The Quiet Coup: How Prompt Engineering Lost Its Throne
For three years after ChatGPT's launch, prompt engineering was the named profession of the LLM era — a discipline of phrasing, role-play, and clever instructions aimed at a single inference call. The shift announced by Anthropic's Applied AI team in late September 2025 reframes that work as a special case of something larger. Their definition is deliberately mechanical: context is 'the set of tokens included when sampling from a large-language model,' and the engineer's job is to find 'the smallest possible set of high-signal tokens that maximize the likelihood of desired outcome.' Prompts are still in there.

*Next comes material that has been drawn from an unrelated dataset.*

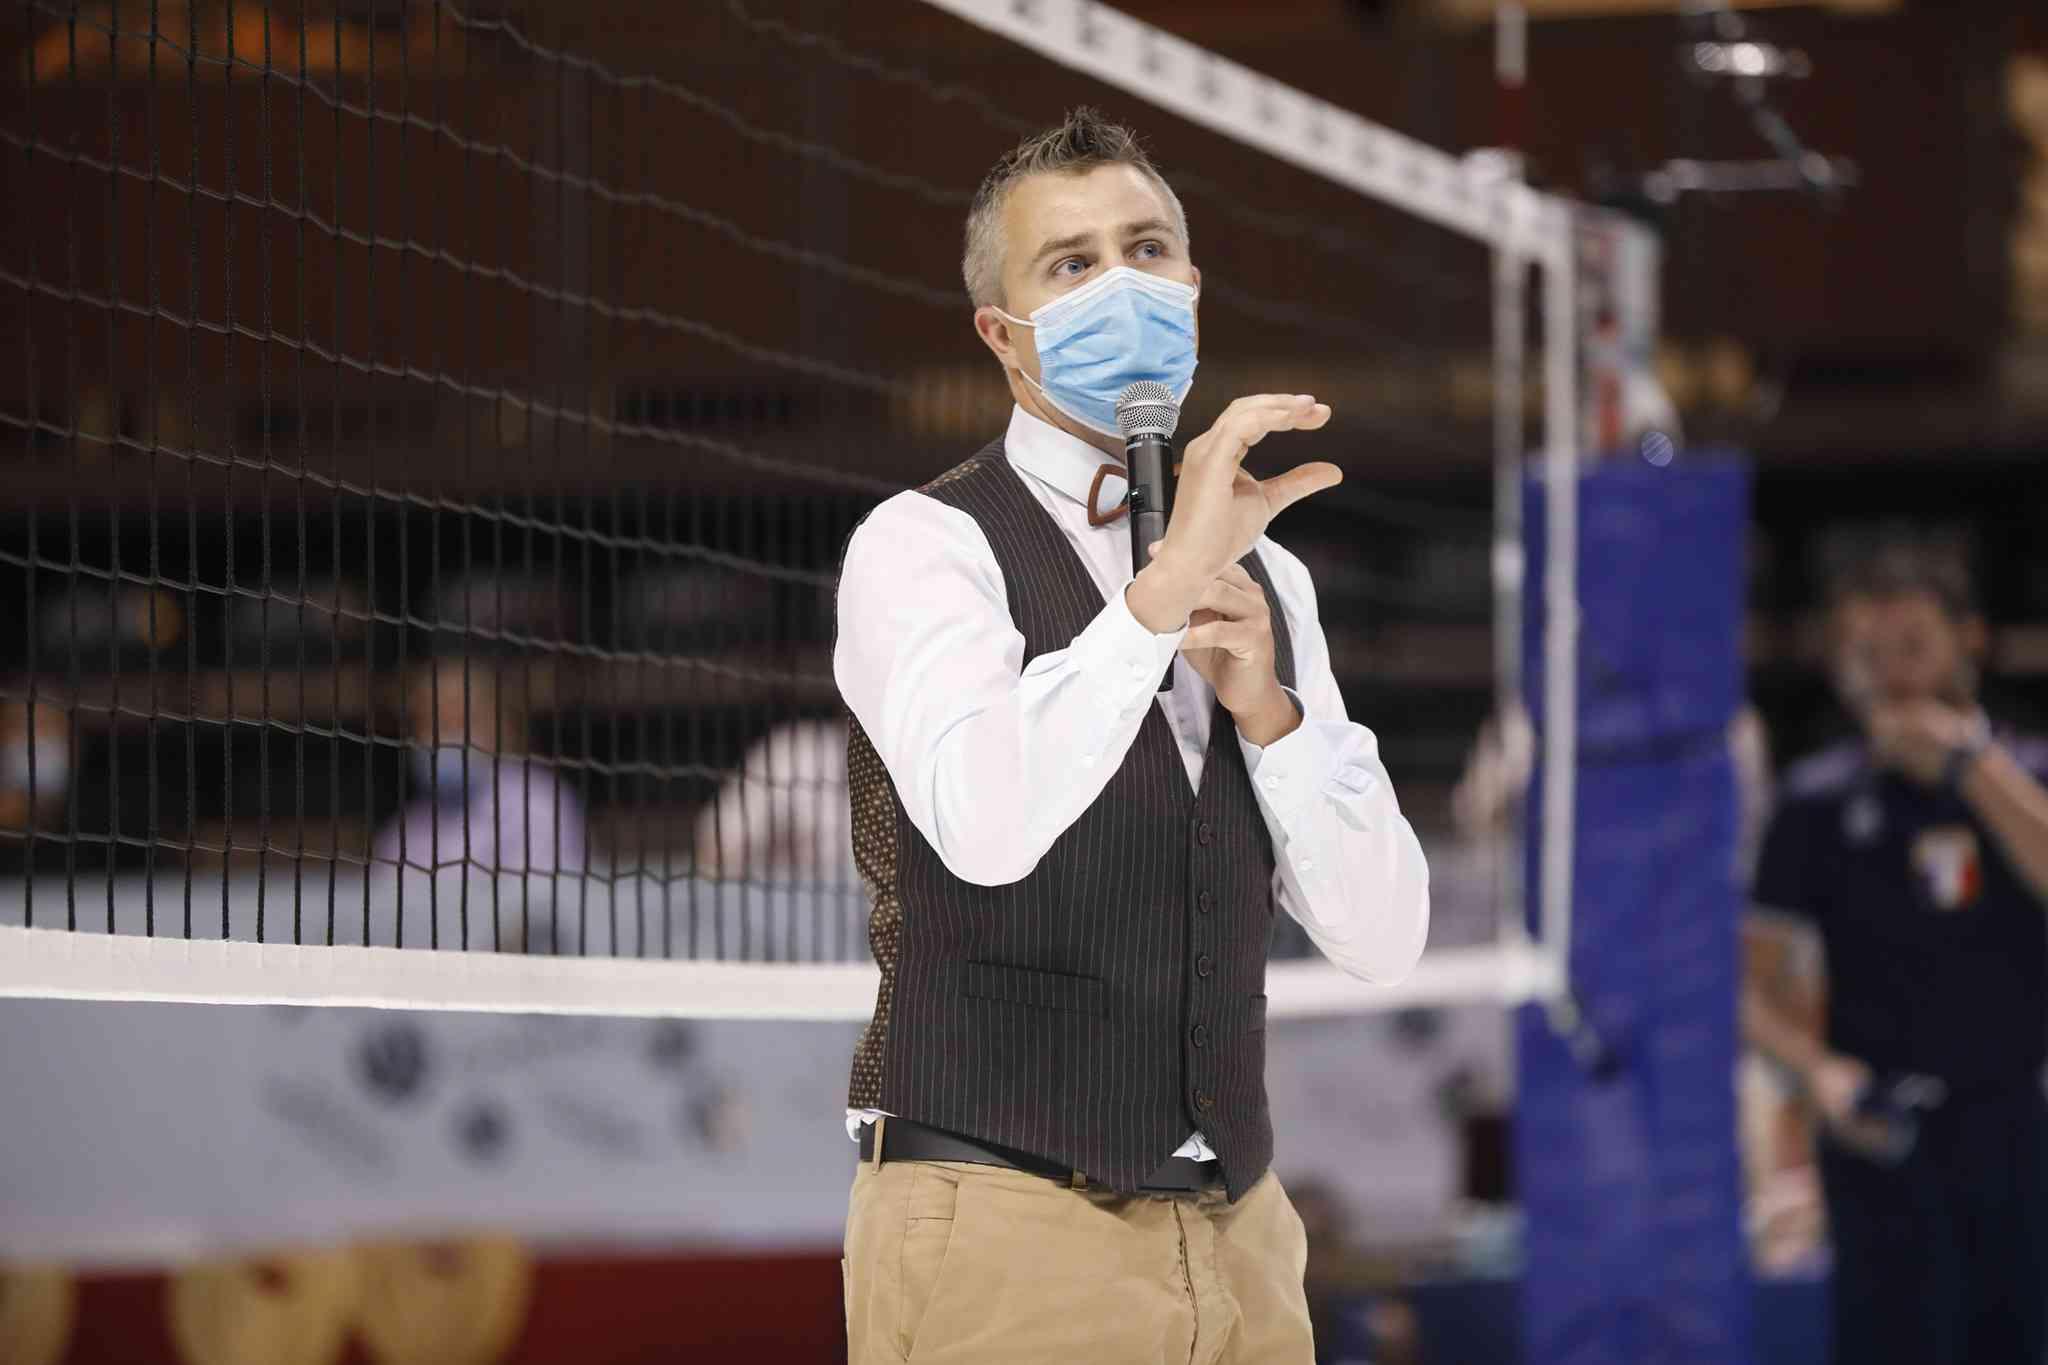 Yoan, ambianceur DJ et speaker pour les Finales de Coupe de France de Volley

They are just no longer the unit of work.
The mechanism behind the displacement is that context is finite, attention is quadratic, and long contexts decay. Anthropic notes that LLMs 'like humans, lose focus or experience confusion at a certain point,' and Elastic's measurements show accuracy degrading around 32,000 tokens for some models — a phenomenon now widely called context rot. Once you accept that more context can hurt, prompt engineering's instinct to stuff the window with examples and instructions becomes actively harmful. Philipp Schmid's now-quoted line — 'most agent failures are not model failures anymore, they are context failures' — is the field's clearest statement of why the throne changed hands. The model is no longer the bottleneck; what you put in front of it is.